Is there a way to make a Donald Trump biopic interesting or insightful? And is there even an audience for such a film? These are the two existential questions faced by Ali Abbasi’s The Apprentice, a study of the former (and perhaps imminent) President’s, perhaps the most famous and certainly most divisive man in the western world, origins in ‘70s and ‘80s New York. If we go by its dismal-so-far US box office returns, the answer to the latter question is a pretty simple and definitive no, but the first is more elusive. The Apprentice is not a particularly enlightening piece of work, but there is some slick and sleazy entertainment to be found in Trump’s rise to infamy.
Sebastian Stan reaches the logical conclusion of his penchant for taking on only the skeeviest roles outside of his MCU work by playing Trump, and he’s pretty damn good here. Though he doesn’t quite do The Voice that we’ve all become agonisingly familiar with over the past decade, he looks the part and does really capture the mannerisms, which become more and more for-the-cameras flamboyant as Trump rises to fame, getting TV airtime and losing whatever shreds of humanity might have been left in him in his pursuit of endless ‘winning’.
Abbasi and writer Gabriel Sherman never paint Trump as anything other than a vain, petty, and horrible man, but this isn’t a full SNL-style send-up. Especially in the film’s (much better) first half, there’s an earnestness in his portrayal – this is a human being who is awful, but is still a human being, not yet the deranged cartoon that so dominates world news now. It helps that the ‘70s is the most (maybe only?) dramatically interesting time in Trump’s life, the last time he lacked full control over his fate or wasn’t hermetically sealed from any real consequences for his actions.
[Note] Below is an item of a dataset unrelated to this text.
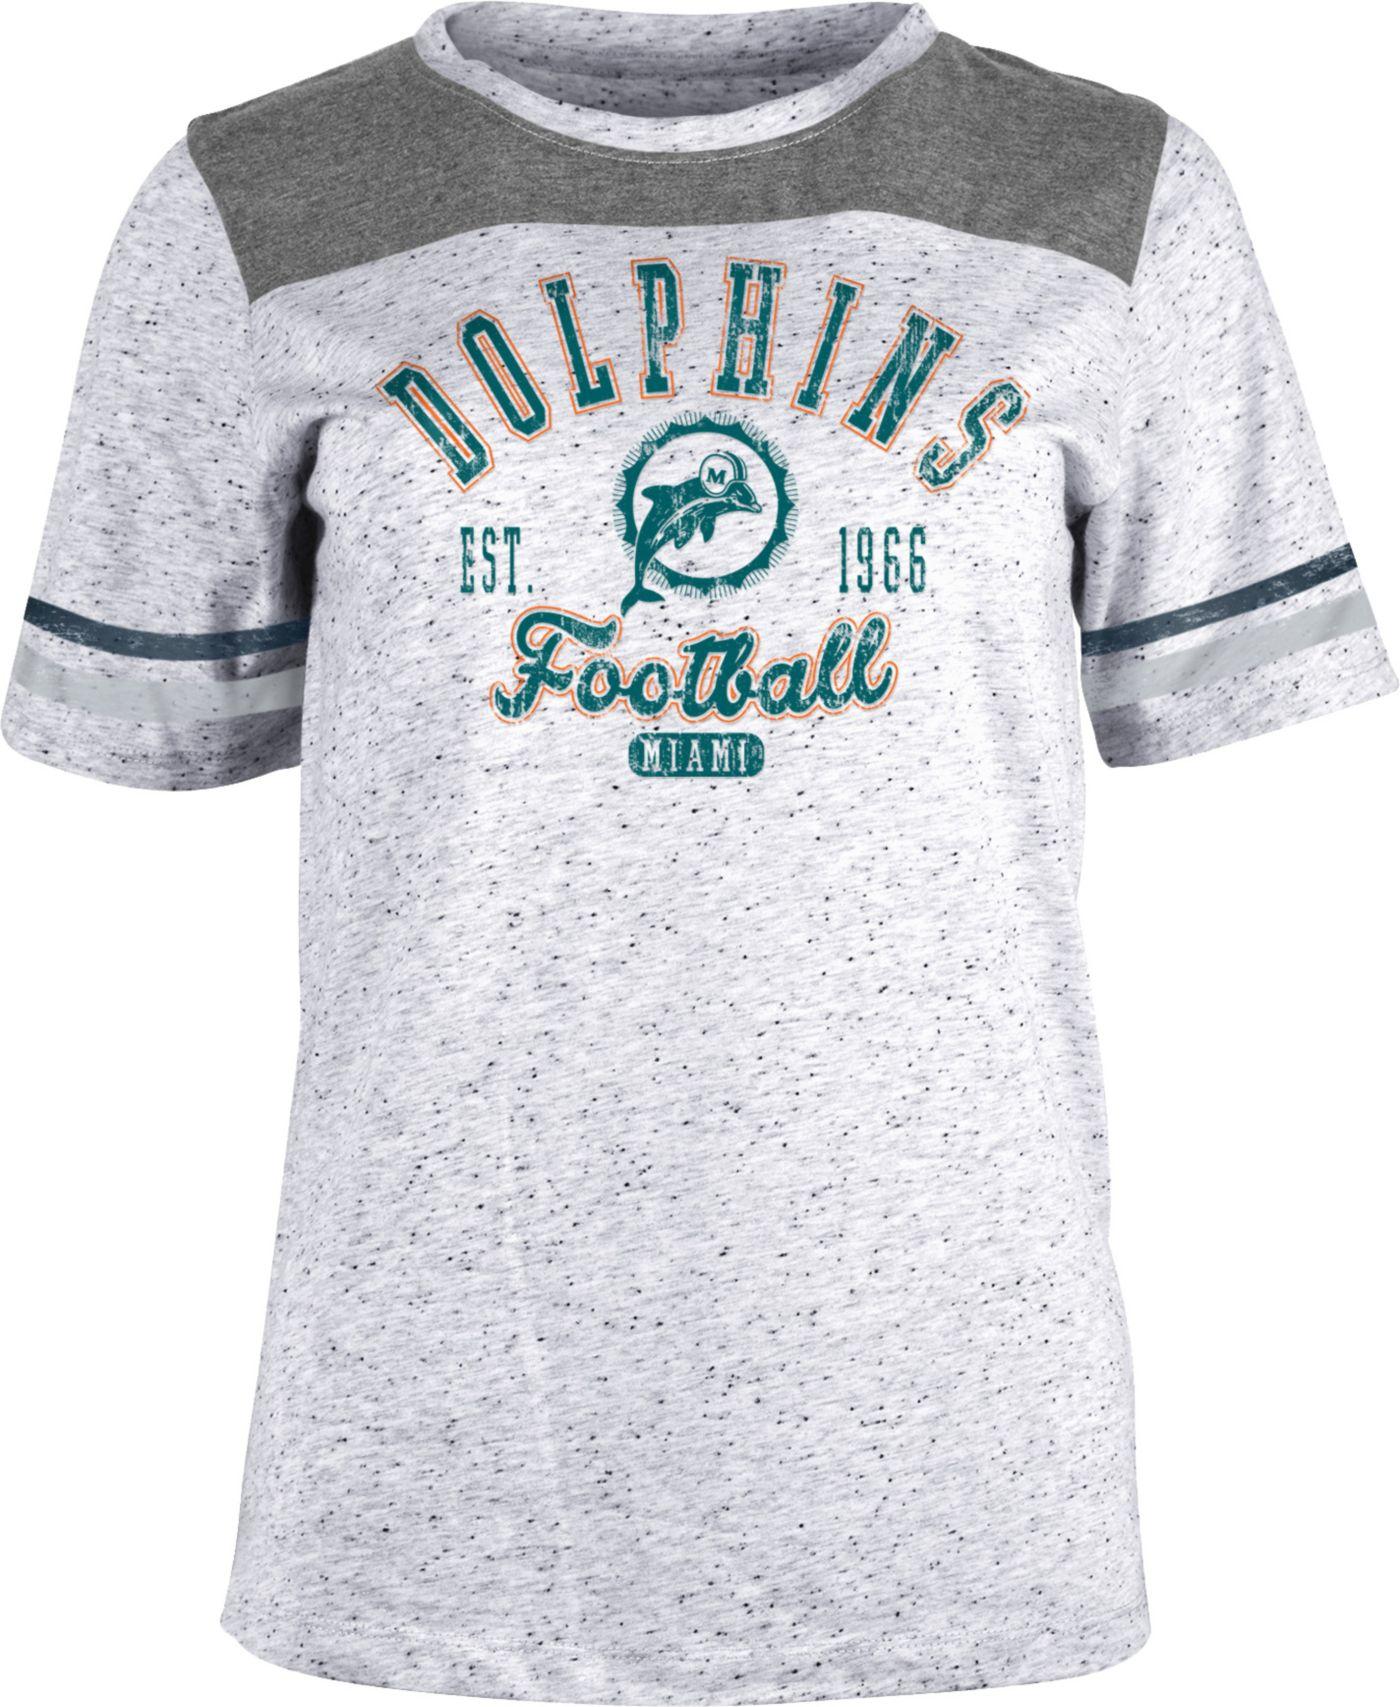 NFL Team Apparel Women's Miami Dolphins Peppercorn T-Shirt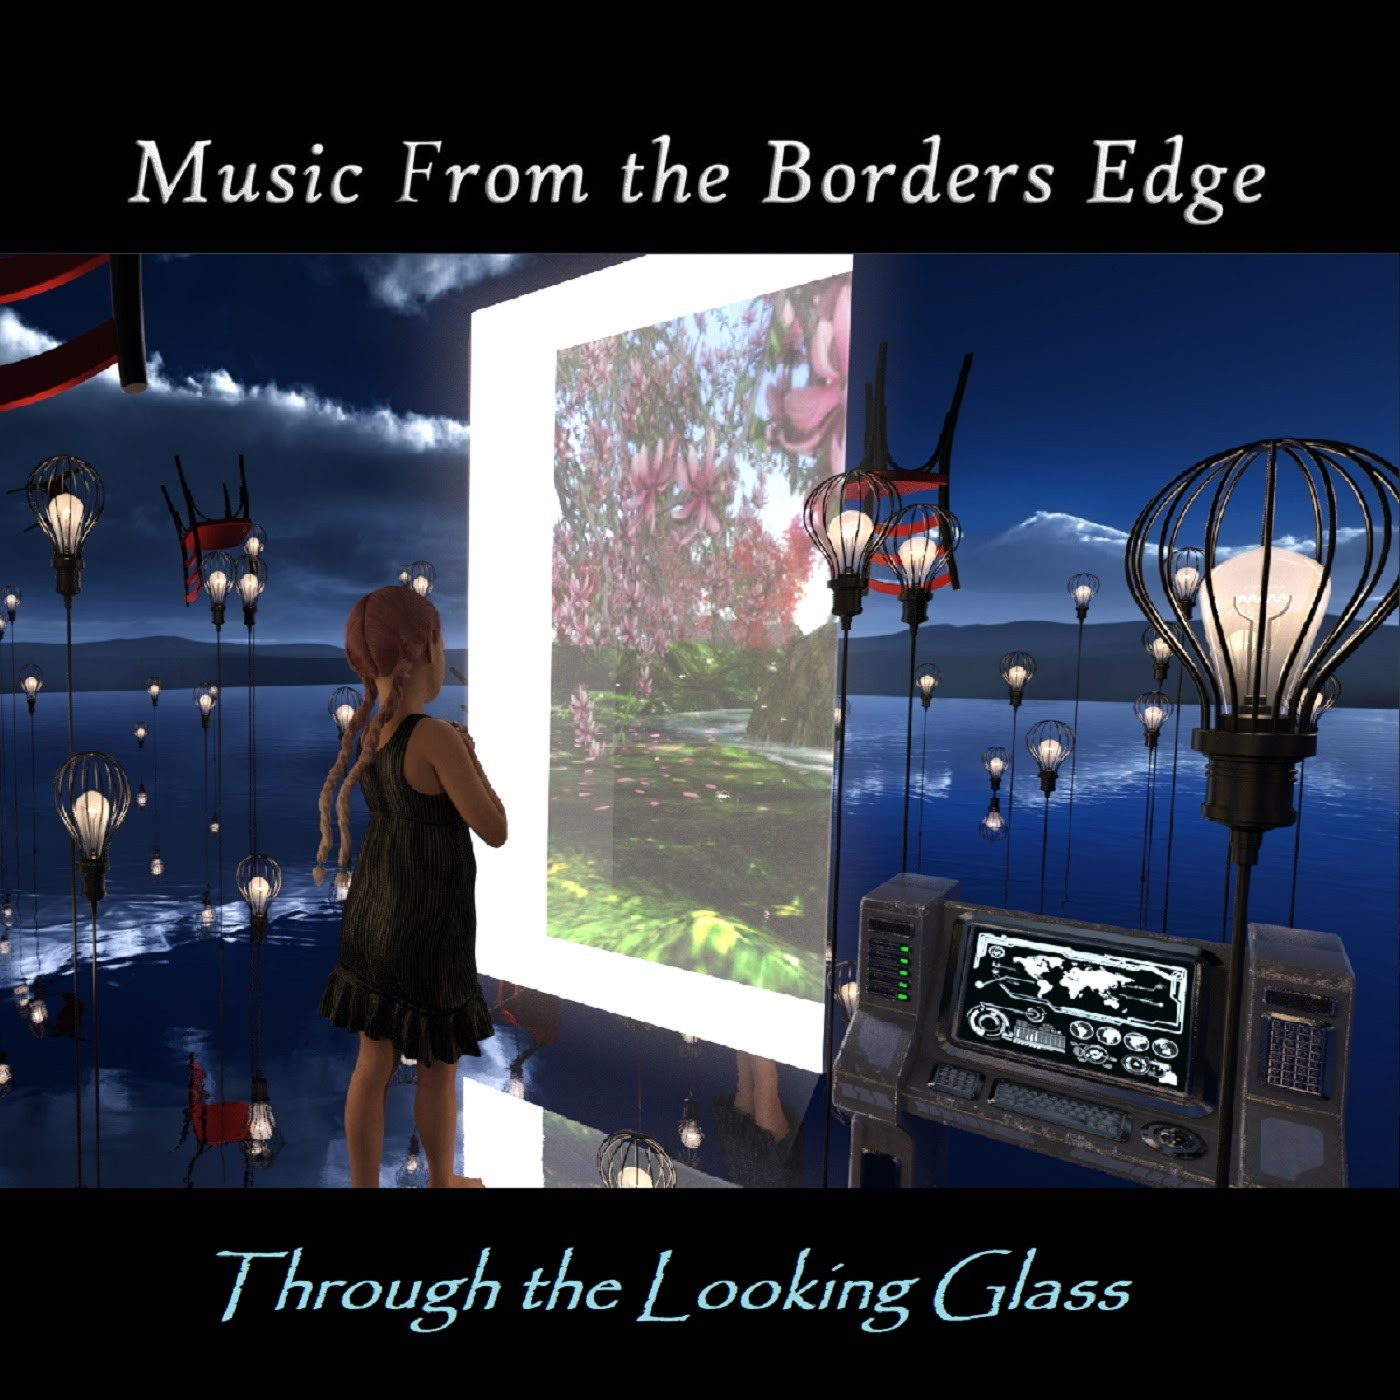 https://bordersedge.bandcamp.com/album/though-the-looking-glass

As iconic a figure as he strikes (already with the iconic silhouette of his insane hair), though, Trump is outshone constantly by Jeremy Strong as the savagely effective and underhanded lawyer Roy Cohn, who was Trump’s attorney, mentor, attack dog, and (here at least) second father. As you’d expect, Strong is just tremendous in this role, slathered in ridiculous tan and oozing a grotesque confidence, often hunchedly leaning over proceedings like Shakespeare’s Richard III, until the monster he makes in Trump finally, inevitably, eats him too.
Given the subject matter, Abbasi really leans in to all of his nastiest instincts as a filmmaker and the results are mixed. The gross and frenetic energy of New York’s dilapidation in the ‘70s is well captured with grainy cinematography and deafeningly loud music cues, but the very earnestly miserable treatment of women feels at odds with a lot of the wink-wink humour elsewhere. From a really nasty rape scene involving Trump’s first wife Ivana (Maria Bakalova) to a gratuitously mean-spirited blowjob sequence, Trump’s real-life misogyny bleeds not just into his character, but into the filmmaking too. Maybe such a result was inevitable but, especially given Abbasi’s aggressively bad-taste work in portraying the real victims of a serial killer in Holy Spider, it does smack of something a little more darkly gleeful. We know what kind of a man Donald Trump is, and there is nothing really to be learned from The Apprentice, but the two full-bore leading performances grant it some undeniable weight and propulsion.